The Czech presidential candidate was asked if he would honor NATO’s principle of collective defense should Poland or the Baltic nations be attacked

editor: REMIX NEWS
author: Thomas Brooke
Presidential candidate Andrej Babis accompanied by his wife leaves the stage following a presser after the preliminary results for the first round of the presidential election in Prague, Czech Republic, Saturday, Jan. 14, 2023. (AP Photo/Petr David Josek)

Czech presidential candidate Andrej Babiš has accused the mainstream media of twisting his words to suggest the former Czech prime minister would not honor the country’s NATO obligations and send troops to defend Poland or the Baltic nations should they be attacked.

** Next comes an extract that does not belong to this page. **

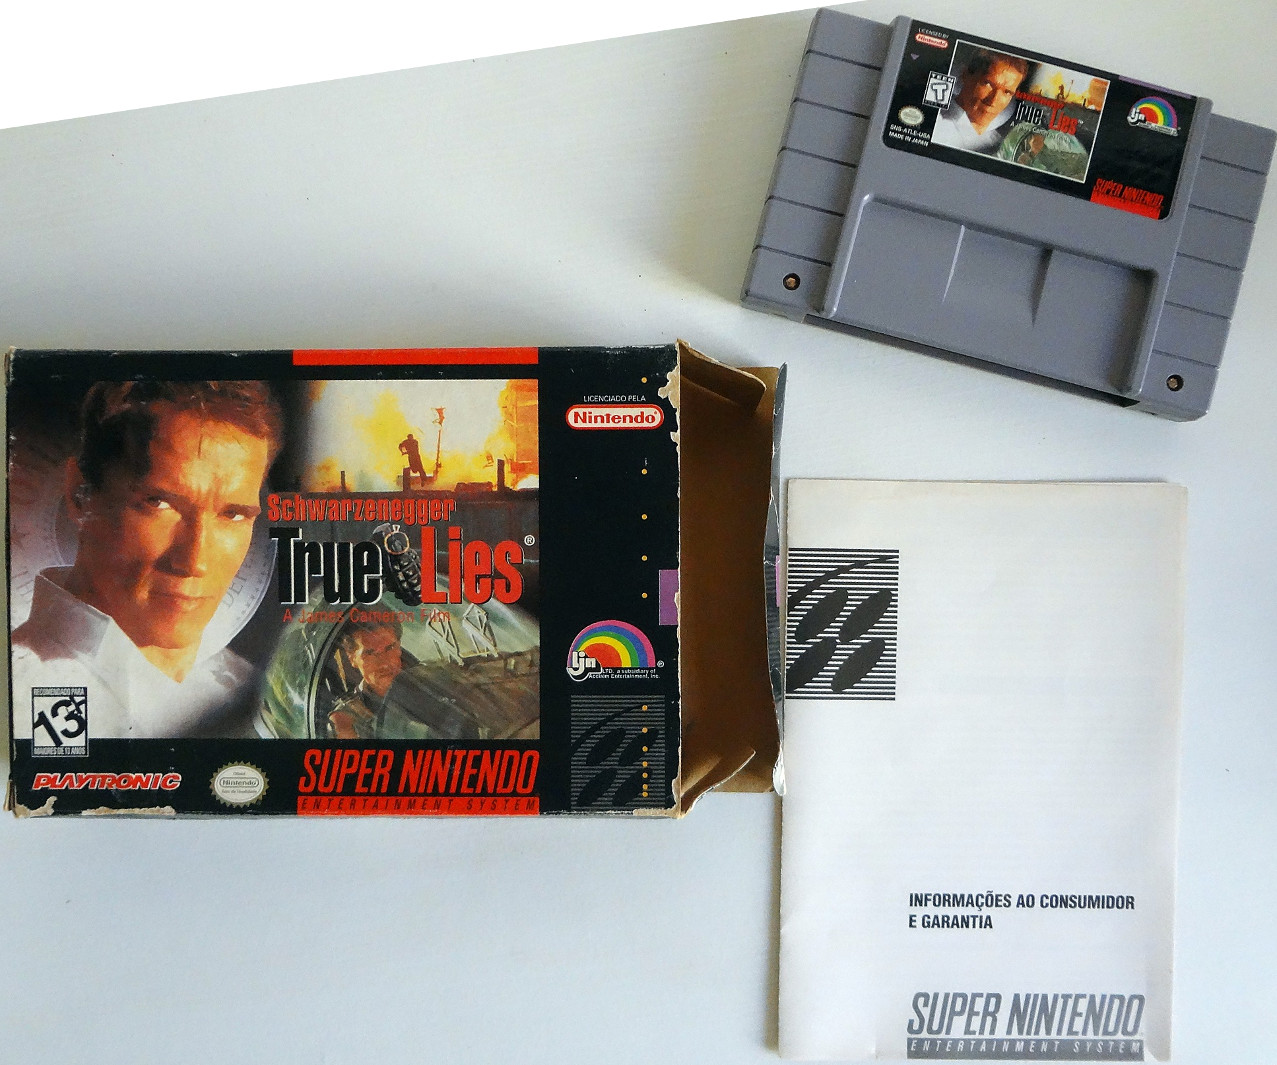 True Lies - Playtronic (CB - note the cart uses a standard US label)

During a televised debate on Sunday evening, Babiš was asked whether the Czech Republic would send soldiers into an open conflict in the event of an attack on Poland or the Baltic states, to which he replied, “Where do you mean? To war? Certainly not.”

When pressed on the matter, the presidential candidate asked, “And why should we have an open conflict? I want peace.”

Babiš was asked if he would honor NATO’s principle of collective defense if he was the country’s commander-in-chief, to which he replied, “I am not the commander-in-chief. Yes, if I was.”

However, his remarks appeared contradictory, and later in the debate he told viewers, “I want peace. I do not want war, and I would not send our children and our women’s children to war under any circumstances.”

The comments were reported across various news outlets and sparked anger in Poland and the Baltics. However, Babiš claimed on Monday that his words had not been contextualized, saying he was speaking from a viewpoint that conflict involving a NATO member was unthinkable.

“I fundamentally reject the attempt to distort my statements that were made during yesterday’s debate,” Babiš tweeted on Monday. “I have never questioned Article 5, i.e., the collective defense of NATO. I just didn’t want to even imagine that World War 3 could happen. That is why politicians must strive for peace and prevent war.

“It was clear from the context of the debate,” Babiš said, adding he had written to Polish Prime Minister Morawiecki regarding the matter, and has asked Czech President Zeman to speak with Polish President Duda during a planned meeting in Náchod on Tuesday.

Babiš is involved in a run-off for the Czech presidency, with voters heading to the polls to choose between the former prime minister and retired NATO General Petr Pavel on Jan. 27-28.

The latest polling shows Pavel ahead at 58 percent and Babiš’ at 42 percent with the 9 percent of undecided voters removed.